Riqueza. Eso es lo que decía todo. Dinero y poder. Dinero y poder suficiente para comprar a una persona.
Cada vez que tenía miedo, solía correr hacia Jacob, o al menos llamarlo. Esta noche no puedo hacer ninguna de las dos cosas. No puedo salir de este lugar, y mi teléfono fue lo primero que me quitaron una vez que entramos a la casa. Una anciana había llegado a la puerta. La curiosidad llenaba sus rasgos. Aunque no me dijo nada mientras los hombres entraban, capté un destello de curiosidad en sus ojos y reconocí que era miedo.
Los hombres me llevaron por una amplia escalera hasta el primer piso, donde continuamos hasta la habitación en la que estoy ahora. Encendieron las luces y me dejaron.
Eso fue hace aproximadamente media hora, pero parece una eternidad. No estoy segura de qué es peor: quedarme sola con mis pensamientos o estar cerca de estas personas, asustada y esperando lo que se supone que sucederá a continuación.
La habitación en la que estoy es enorme, el suelo es de madera, tiene una cama con dosel, grandes muebles de caoba y una pared entera hecha de vidrio que tiene una vista impresionante del mar y las formaciones rocosas contra la playa. Con el resplandor de la luz plateada de la luna, parece un destello de un cuento de hadas.
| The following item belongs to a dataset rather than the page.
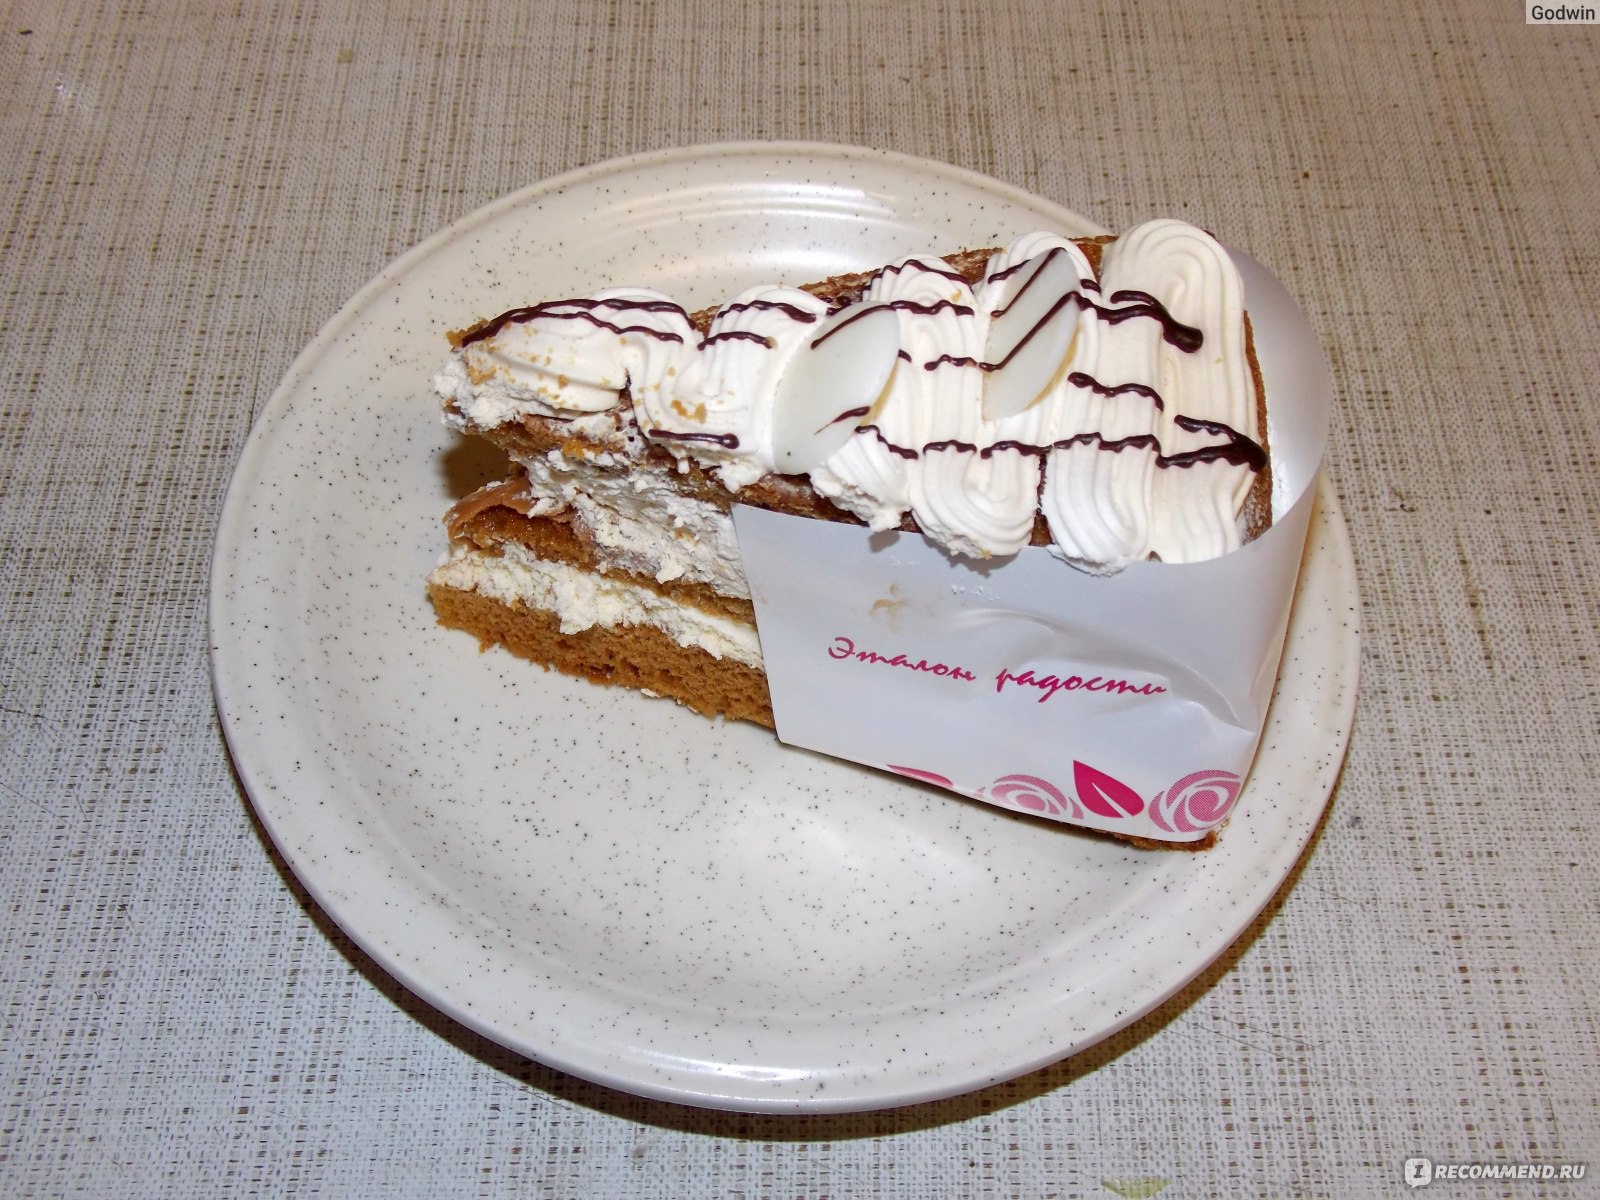 Торт медовый со сливками - вкусный и красиво украшен.

Pero este no es un cuento de hadas. Siento como que estoy atrapada en una película de Tim Burton, atrapada en una pesadilla de la que no puedo escapar.
Me hundí en el suelo con la espalda contra la pared y me permití llorar. Tengo miedo y me siento mal. Siento que voy a vomitar.
La última vez que me sentí tan conmovida fue cuando mamá estaba enferma y sabíamos que no había nada que pudiéramos hacer por ella. Sabíamos que iba a morir. Fue Jacob quien estuvo ahí para mí porque mi padre lidió con su dolor evitando a todos. Incluyéndome a mí. Pienso en Jacob y sé que estará preocupado. Me llamará y no obtendrá respuesta, se preocupará más. Apuesto también a que irá a la casa por la mañana para comprobarme, solo para asegurarse de que estoy bien.
¿Le dirá papá lo que me pasó? Lo dudo. Jacob se pondrá loco y no sería bueno para él si lo hiciera.
Hay un lado de mi padre que ya había vislumbrado, pero que no había visto conmigo hasta esta noche. Mientras apretaba mi mano como si fuera a romperla si yo desobedecía, sentí la desesperación. Yo nunca quería que nadie saliese lastimado.
Nunca querría que Jacob saliera lastimado solo por conocerme y tratar de ser mi amigo, por protegerme.
Hace ni siquiera unas pocas horas, mis pensamientos estaban todos consumidos por irme a Florencia mañana. Ahora, mi sueño es solo eso… un sueño. Una cosa que mi corazón desea. Tengo que dejar todo eso a un lado para pensar en lo que me está pasando aquí y ahora.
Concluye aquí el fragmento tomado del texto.